Wijk bij Duurstede () is a municipality and a city in the central Netherlands.

Population centres 
Cothen
Langbroek
Wijk bij Duurstede

Topography

Dutch Topographic map of the municipality of Wijk bij Duurstede, 2013.

City 
The city (population as of 2007: 23,377) is located on the Rhine. At Wijk bij Duurstede, the Kromme Rijn (Crooked Rhine) branches off, and the main branch is called Lek River downstream from Wijk bij Duurstede.

The name 'Wijk bij Duurstede' means 'Neighbourhood by Duurstede'. Duurstede is the name of the nearby castle/ruin, also called Dorestad, where the bishop of Utrecht used to live. Wijk bij Duurstede is the former location of Dorestad, an important Frisian trade settlement during Carolingian times that was pillaged around 850 by the Vikings.

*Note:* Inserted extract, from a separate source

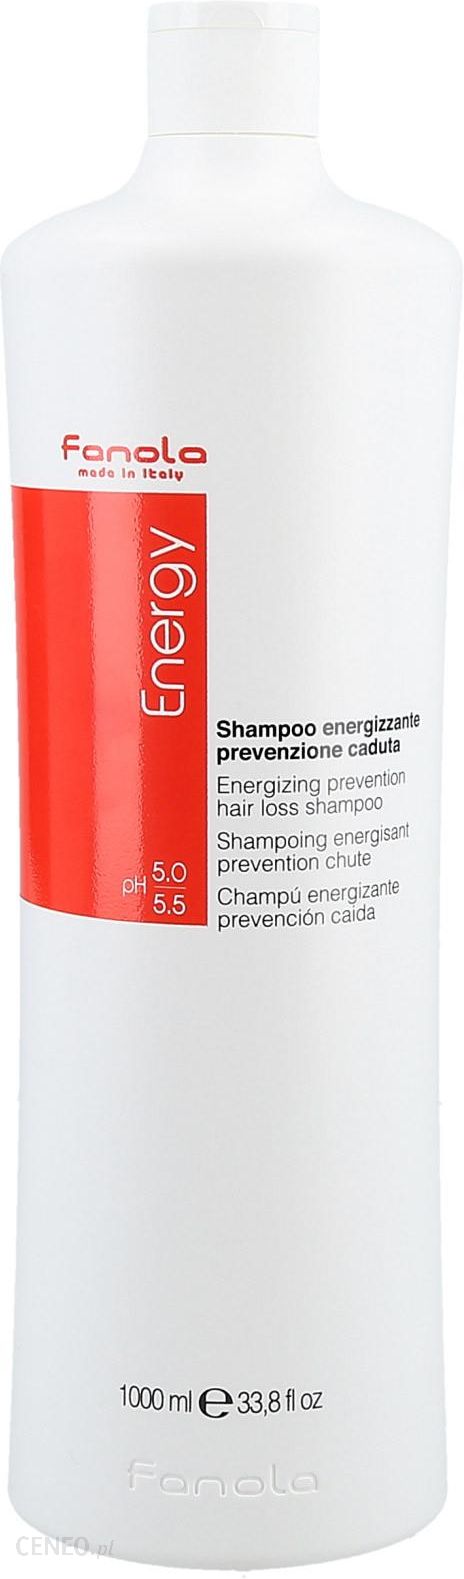 fanola energy szampon
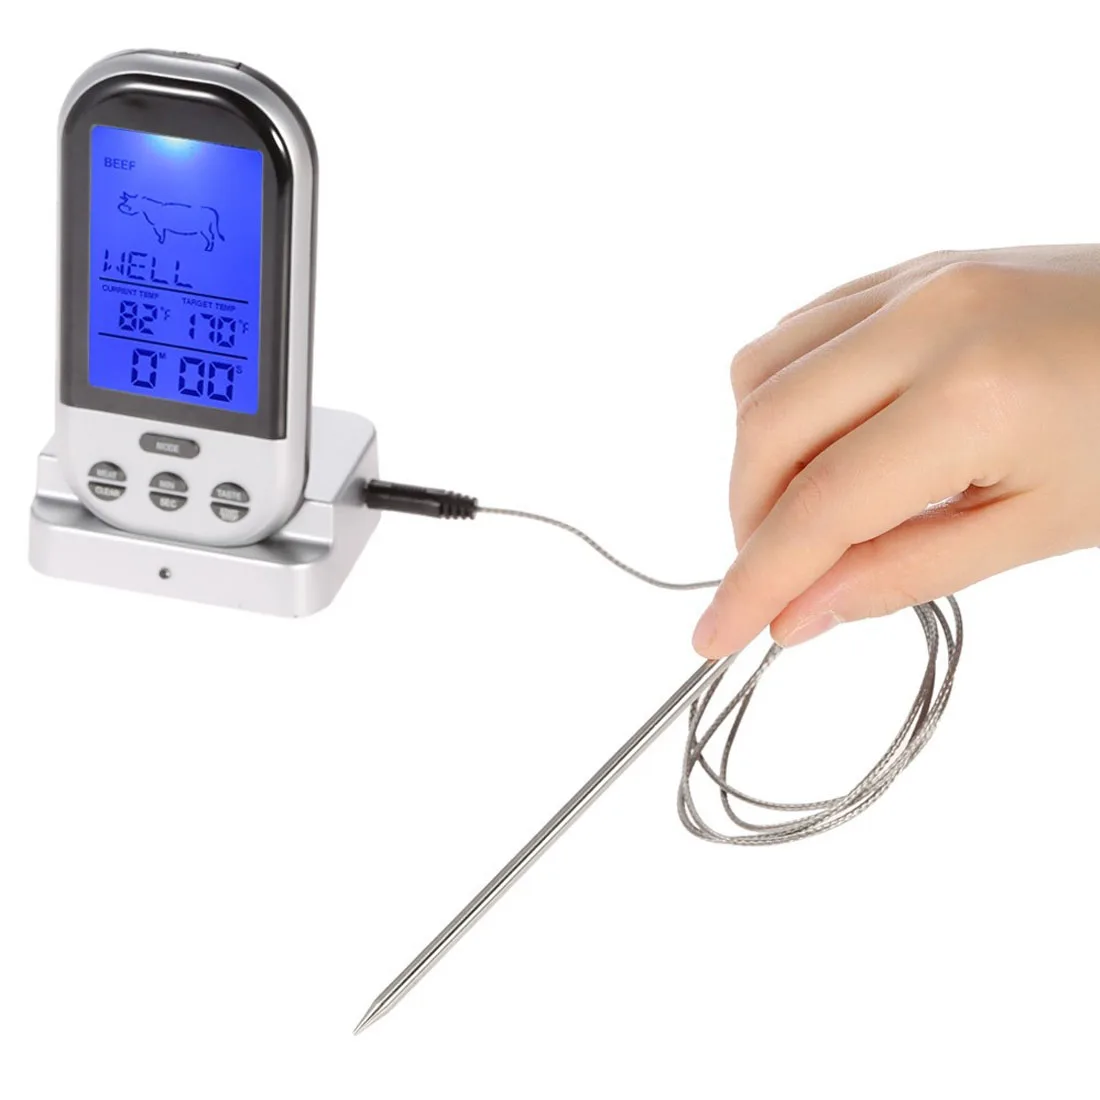 Цифровой беспроводной термометр для печи, мяса, барбекю, гриля, еды, зонд, Кухонный Термометр, инструменты для приготовления пищи с таймером, сигнализацией

Wijk bij Duurstede has the only drive-through wind mill in the world. The mill is often confused with the mill that was made famous by Ruisdael's 1670 painting The windmill at Wijk bij Duurstede, but that mill no longer exists (its foundations can still be seen a couple of blocks away from the remaining mill). At the market place of Wijk bij Duurstede is one of the few church towers in the Netherlands with a flat roof, as built because the bishop could not afford to build a spire. Inside the tower a picture displays the planned construction of the tower. The tower was supposed to become higher than the Domtoren in Utrecht.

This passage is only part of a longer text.